> Provided records

========================================================================

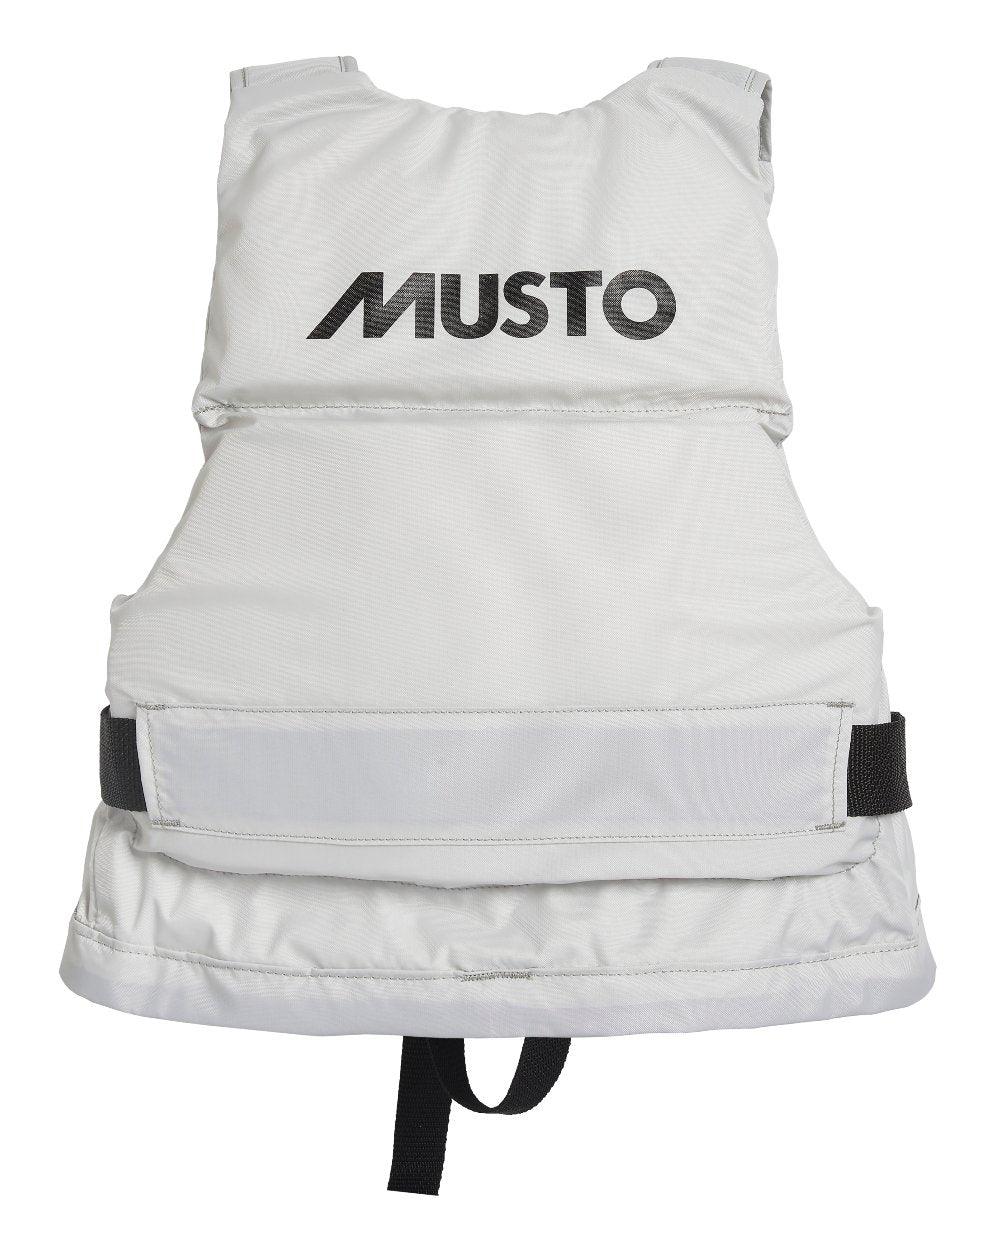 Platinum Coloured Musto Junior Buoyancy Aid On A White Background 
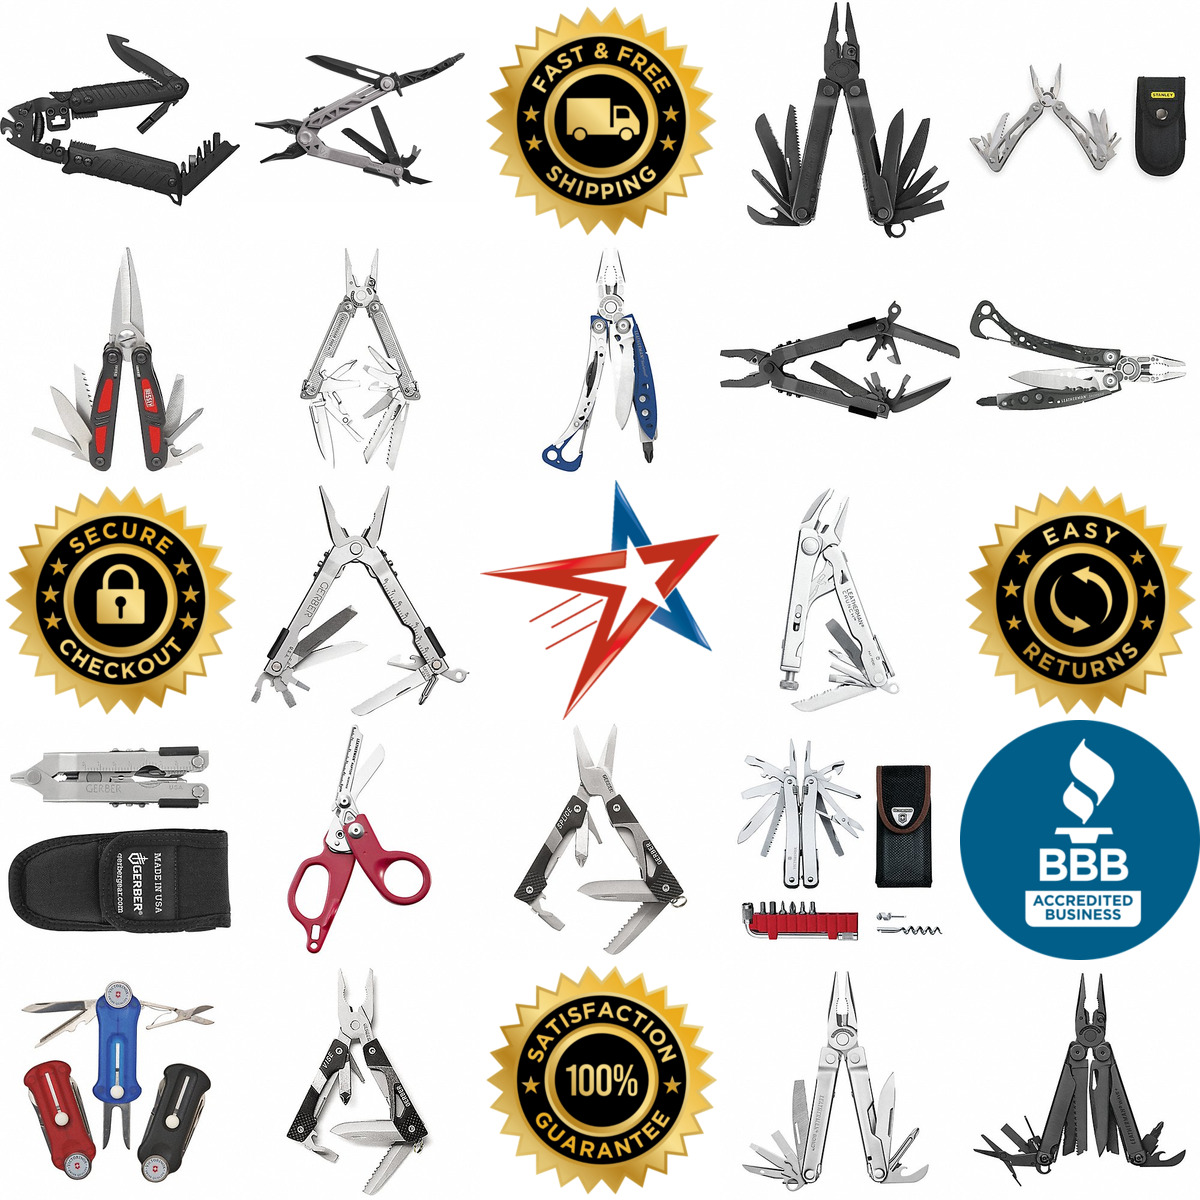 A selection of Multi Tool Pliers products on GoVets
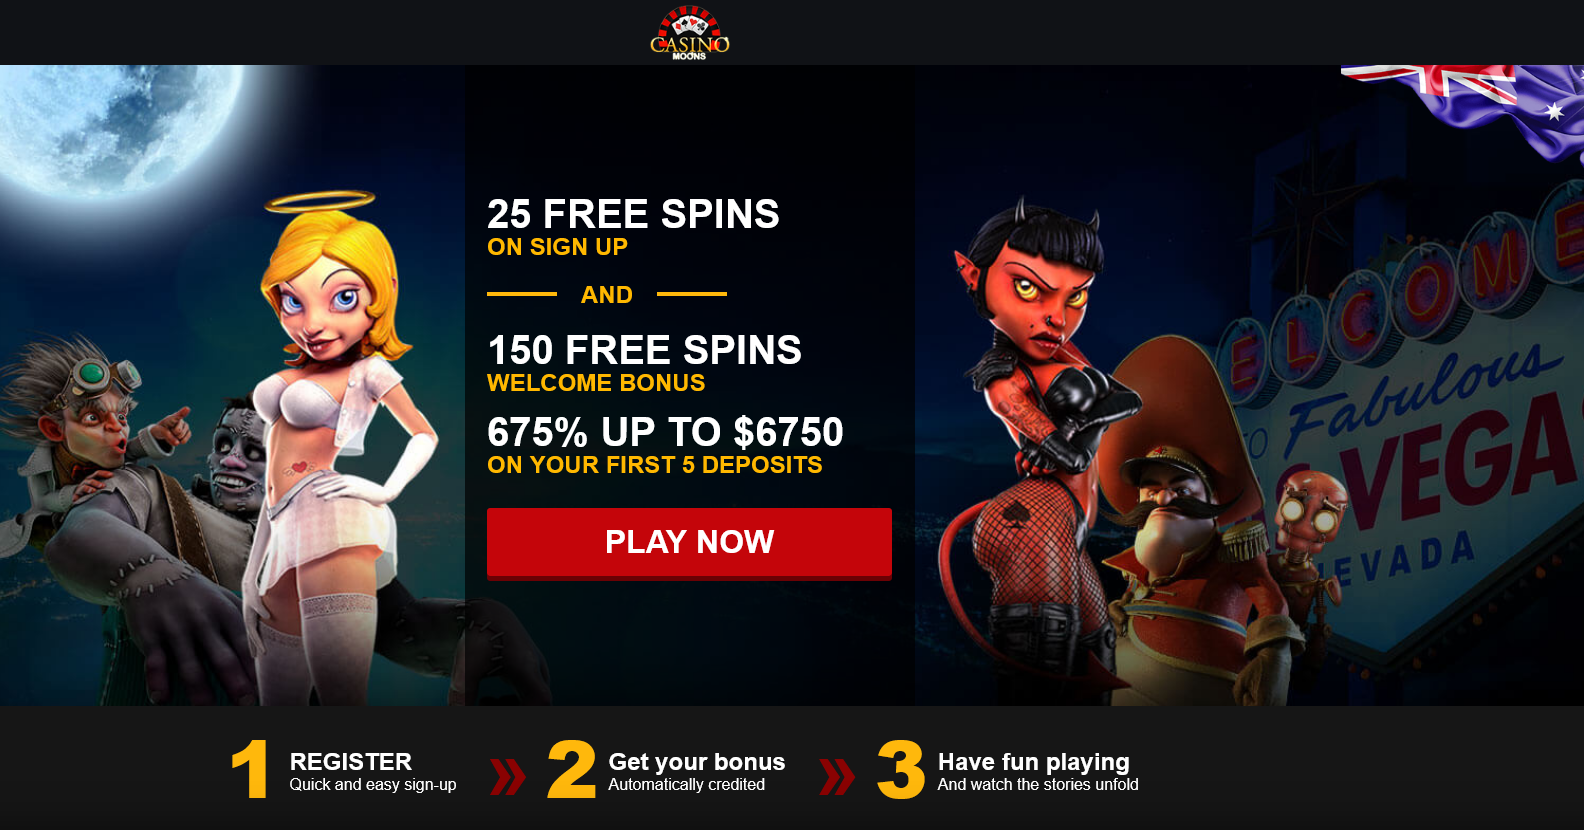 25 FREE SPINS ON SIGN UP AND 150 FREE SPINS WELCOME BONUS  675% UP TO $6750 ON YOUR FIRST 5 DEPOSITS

========================================================================

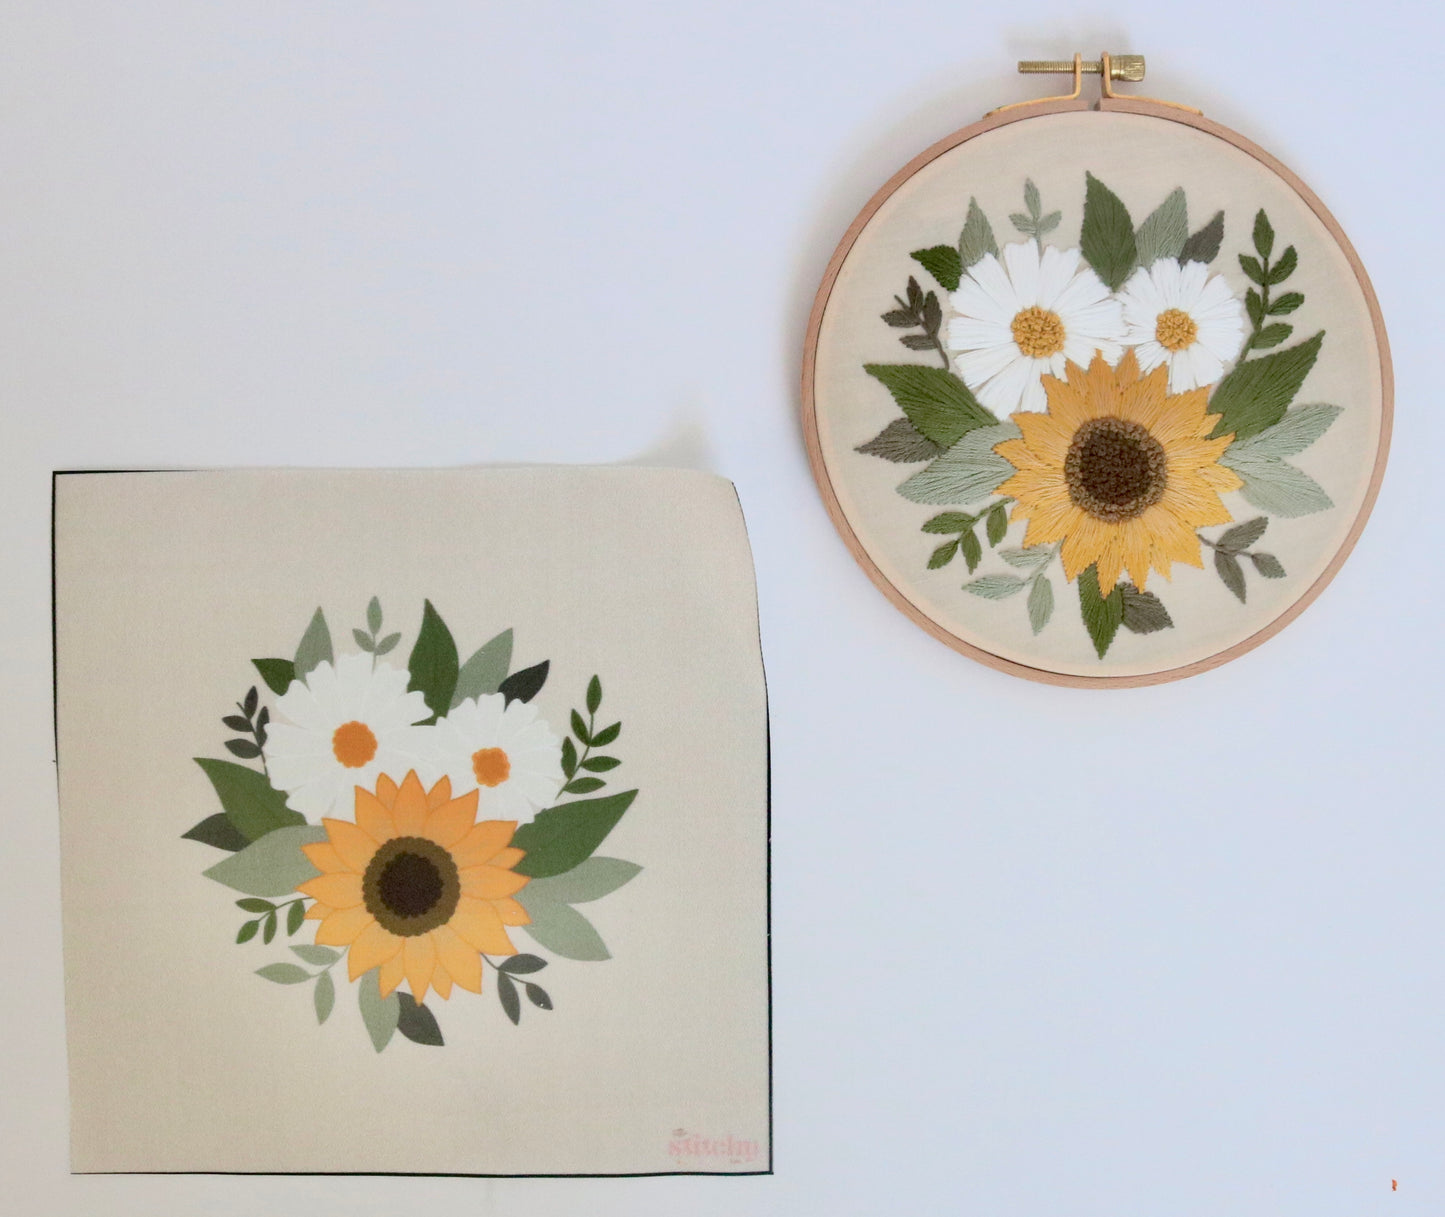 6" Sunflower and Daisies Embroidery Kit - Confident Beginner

========================================================================

> Task objective
Now transcribe the lines above exactly, starting at the line containing "Platinum Coloured Musto" and ending at the line containing "25 FREE SPINS", both lines included, pictures excluded.

> Answer box
 Platinum Coloured Musto Junior Buoyancy Aid On A White Background 
 A selection of Multi Tool Pliers products on GoVets
 25 FREE SPINS ON SIGN UP AND 150 FREE SPINS WELCOME BONUS  675% UP TO $6750 ON YOUR FIRST 5 DEPOSITS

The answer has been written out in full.